Ekonomi, jeopolitik, siyaset: Bir yanda “arzulanan” gündem, bir yanda gerçekler
Türkiye’nin bayram tatili rehavetinde olduğu 14 Nisan günü ilk saatlerde, İran’ın daha önce yapacağını açıkladığı İsrail’e misilleme saldırısı başladı. Kısa süre sonra tarafların “itidalli olacağı”, İran’ın daha fazla çatışma istemediği yönündeki mesajlar gelse de krizin nereye evrileceği belirsizliğini koruyor. Kesin olan, Türkiye’nin etrafındaki ateş çemberinin alevleri biraz daha yükseldi.
Türkiye, enflasyon belasından kurtulmak istiyor. Sadece enflasyon değil, bozulan ekonomik dengeler ve deprem nedeniyle oluşan kamu maliyesi sorunları, dış kaynak bulmakta zorluklar, gelir dağılımındaki bozulma ve gelir kaybı nedeniyle Adalet ve Kalkınma Partisi’nin yaşadığı oy kaybı, enflasyonla mücadele programının zaten zar zor geçinen geniş kesimlerde daha da fazla gelir kaybına yol açması, çözülmesi gereken sorunlar. Hepsi de siyasi olarak zor kararlar. İç ve dış şartların dayattığı gündem bu. Öte yandan bir de “arzulanan” gündem var. Nedendir bilinmez, TBMM Başkanı Numan Kurtulmuş yeni Anayasa konusunu ısrarla gündemde tutuyor. Yerel seçim sonrası İYİ Parti’nin yaşadığı iç çalkantılar, MHP’nin İYİ Parti ile ilişkilerinin yeniden şekillendirilmeye çalışıldığı bir ortamda yine MHP tarafından “anayasa değişikliğinin” pazarlık masasına sürülmesi… DEM partisi ile yaşanan süreçte her şeyin pazarlık masasına konulması.

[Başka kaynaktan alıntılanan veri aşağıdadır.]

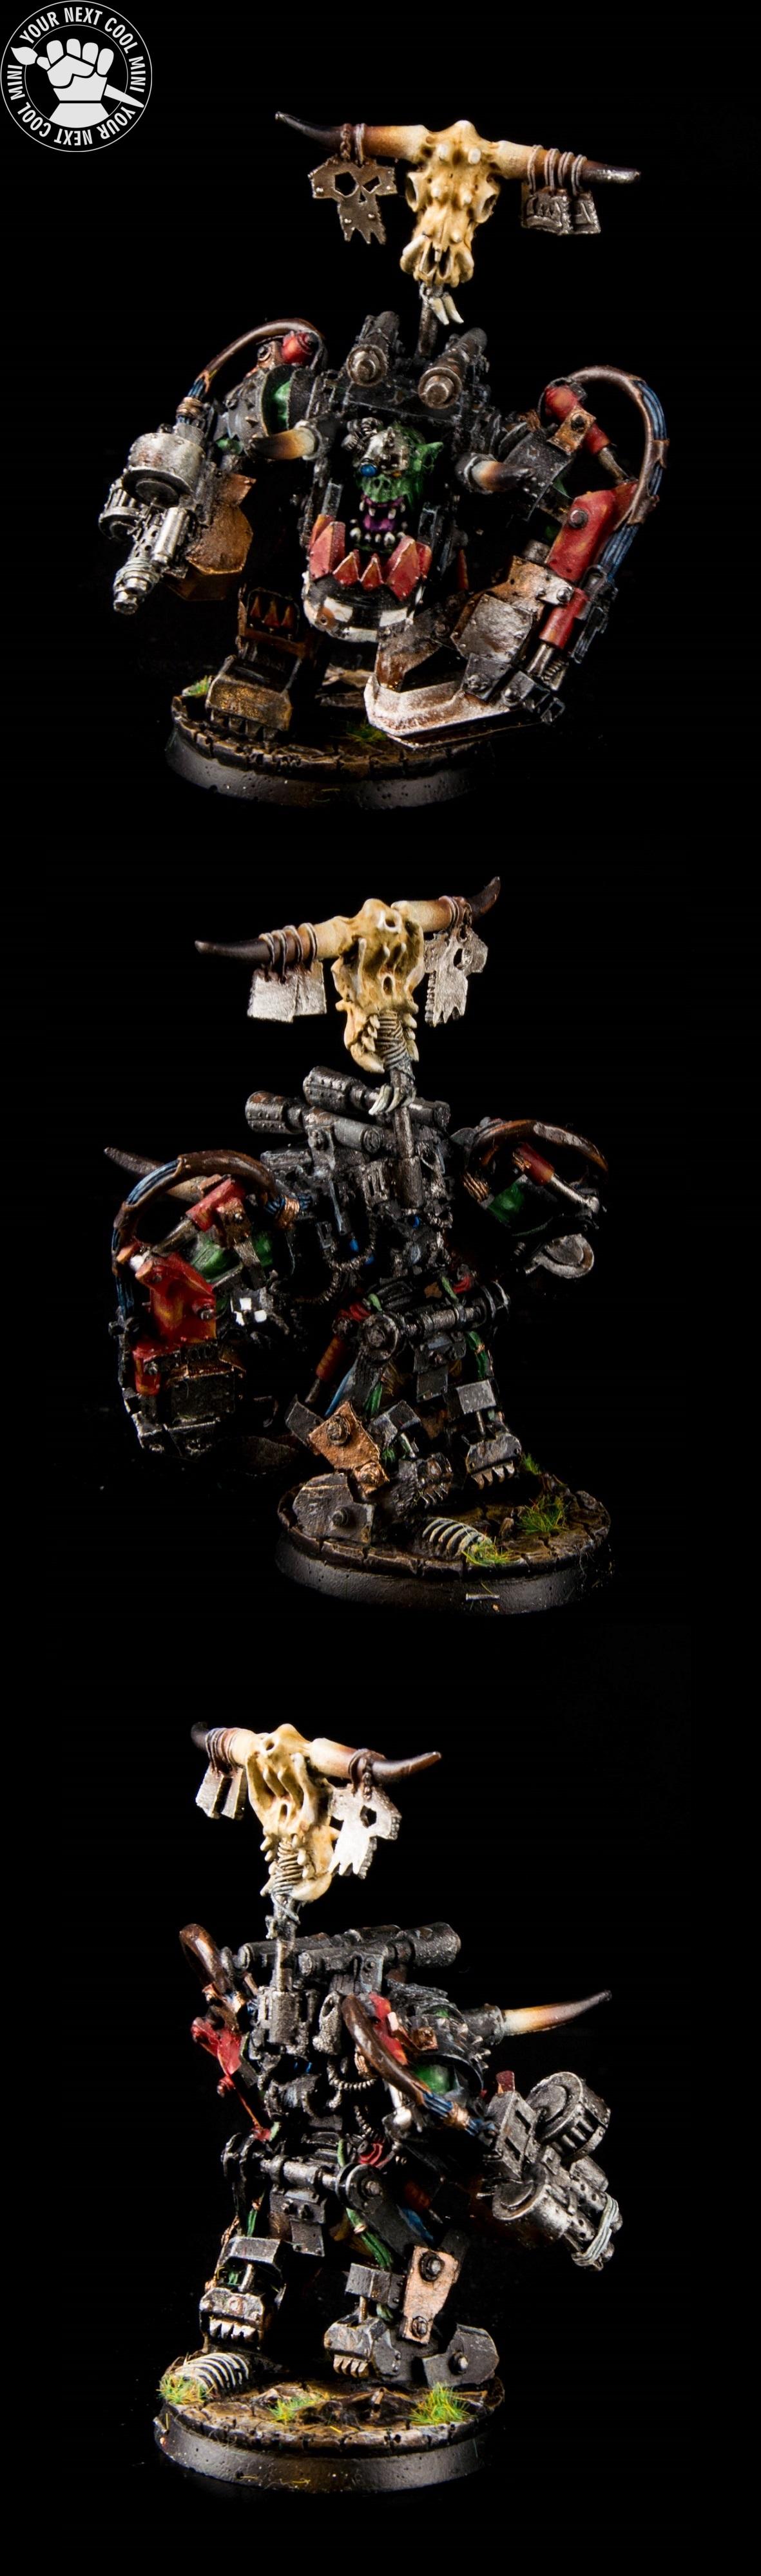 Warhammer 40K Space Orks, Ghazghkull Thraka, Black
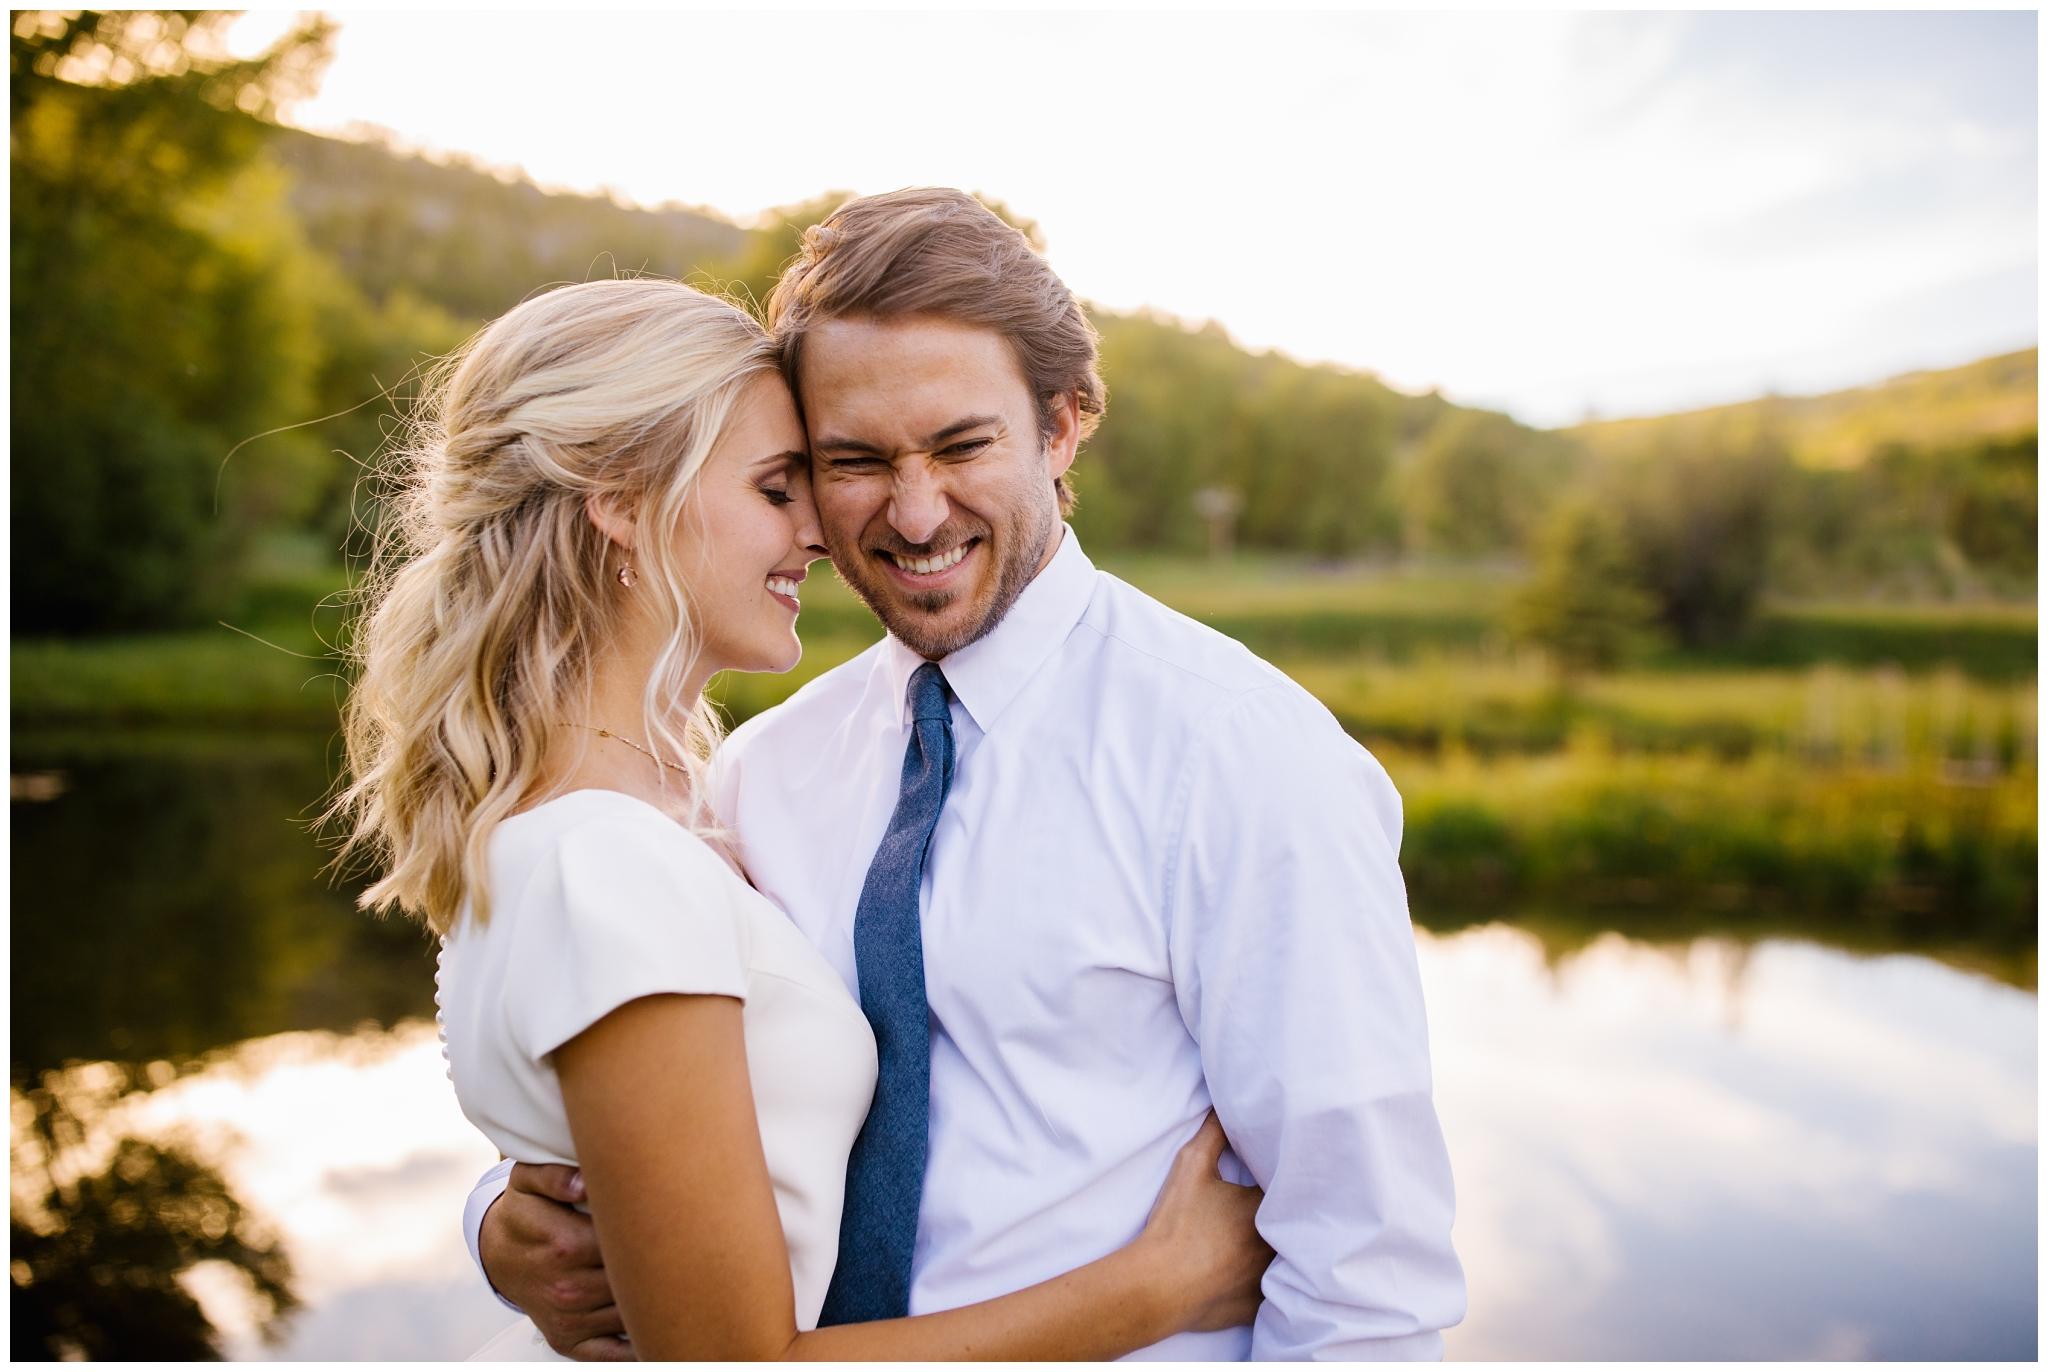 Lizzie-B-Imagery-Utah-Wedding-Photographer-Park-City-Photographer_0054.jpg

Cumhurbaşkanı Erdoğan ve Adalet ve Kalkınma Partisi sıklıkla dezenflasyon programına ve elbette Mehmet Şimşek’e güvence veriyor, kefil oluyor ama iş bir noktada yeni bir anayasayı kabul ettirmeye geldiğinde ne olacağı belirsiz. Siyasetin bu kapsamda çözmesi gereken bir sorun daha var. Bu yıl için kamu maliyesi dengesi için ilave kaynağa ihtiyaç var. Şimdiye kadar – gecikme maliyeti dâhil- yükün büyük bir kısmı ücretlilere-emeklilere yıkıldı. Her ne kadar iş dünyası ve ekonomistlerin önemli bir kısmı “işgücü maliyeti yüksekliğinin” ve “talebin” hala sorun olduğunu düşünse de öyle veya böyle sermaye kesimi kimi aykırı görüşler olsa da, genel olarak maliyete katlanmak istemediğini net biçimde ortaya koydu. Bir yıl dahi zarar taşıyacak güçleri olmadığı gerekçesiyle taviz verecek gibi de görünmüyorlar. Belki de yanılıyoruzdur.
Fakirlere yardım edip sosyal programlardan siyasi çıktı sağlamak, fakirliği önlemeye çalışmaktan daha kolay. Geniş bir veri setine dayalı siyasi analizlerle bakkal-market ya da başka alanlarda fahiş fiyat cezası kesmek, gerçek anlamda fiyat istikrarını sağlamaktan çok daha kolay. Nereye kadar gidebileceği, bir noktada “rasyonele dönülmesi gerekeceği” yönündeki yaygın inanışa karşılık, son dönem kuramların önemli bir kısmı bunun tersini iddia ediyor. Her kuramın istisnası elbette vardır. Türkiye’nin arzulanan gündeminin mi, yoksa gerçek gündeminin mi hâkim olacağı, şimdiye kadar “bir şekilde hallolur” umursamazlığıyla mesafeli duran –işine bakan- siyasal, sosyal ve ekonomik aktörler ve elbette geniş kitlelerin tutumu belirleyecek.